Trying to decide whether to endure the continued pain of a tune being brutally murdered or the sound of the wind outside, she eventually opted for the latter. It didn’t help much.
They flew over a ridge of peaks crowned in snow and wreathed in clouds, descending into the decidedly cooler side of the island onto a rocky plateau that ended in a direct, plummeting drop into the ocean. There was plenty of room, and the pilot brought them down maybe a hundred meters from the cliffs. Almost before the doors were open, Kyrie had descended and was prowling around the site.
Ginai took her time. The younger Female was going to be evaluating things, she had no doubt, for a while. Despite the sea breeze ruffling her fur, the rocks were actually quite warm from the sun, and she sat in the lee of the transport enjoying the scent of fresh air and quiet.
She’d almost fallen asleep in the sun when her younger Sister came bouncing back over to her. She was here to get a report….so she got back to her feet.
“Well? Was Naydra right?” she asked without preamble.

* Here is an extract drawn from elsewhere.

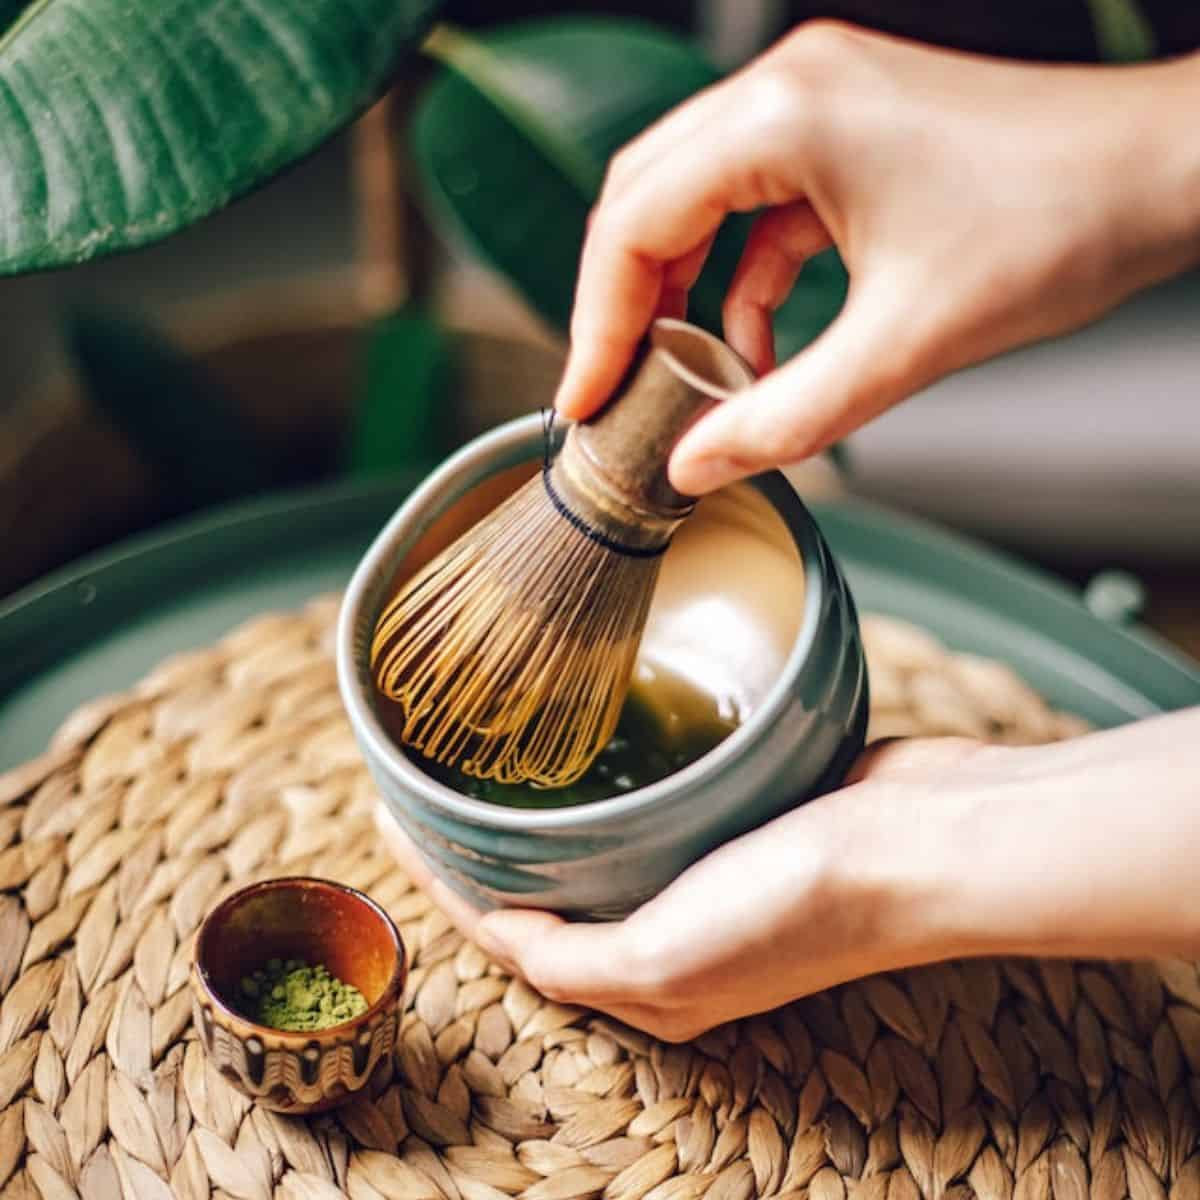 A person whisking the green tea using a bamboo whisk

“Most definitely,” Kyrie said enthusiastically. “This is all fairly middle-aged basalt base, geologically stabler than the other side of the island, and that,” she said, pointing at a wide bluff above them, “is ideally suited for a space elevator anchor, I think, if we were to plan with that in mind. We’re close enough to the equator for it.”
“What of other needs, Sister? Fresh water, food, and so on?”
Kyrie waved a paw dismissively. “Desalination is just as easy and probably less risky than drinking groundwater or out of a river anyway. It’s just an extra step, is all—there are even some Human communities on Earth that use that technology. We haven’t used it on Gao in decades, probably, but there’s no reason we can’t here.”
She looked around. “As far as food goes…I think the river valley on the other side should have plenty of space for livestock and agriculture. The soil is certainly fertile enough.”
Ginai surveyed the plateau. Already, it felt a little more like home than anywhere else she’d been in the last several months, and she allowed herself to feel hopeful at the thought.
“Let’s get back to the others.”
Date Point: 14Y 4M 2W 1D AV
AEC Command Center Camp Outfield, Lavmuy Spaceport, Gao
Colonel Martin Schul
Colonel Schul had begun to associate waking up, getting up, and getting ready for the day with a sense of hesitant dread. Every time he went to bed at the end of an unreasonably long day, it was with the apprehension that the other shoe he kept sensing would drop, would come down when he wasn’t at his post and ready. Metaphorically speaking. He didn’t really have a post so much as a mobile command center that was comprised of his boots, his phone, and his tablet.
Not that a new emergency happening when he was off duty was worse, per se, than when he was on…it’s just that he wouldn’t know about it until later.
Halfway through his coffee for the morning, he set the cup down and cursed.
The pandemic had escaped the refugee camps, and was loose in the general population.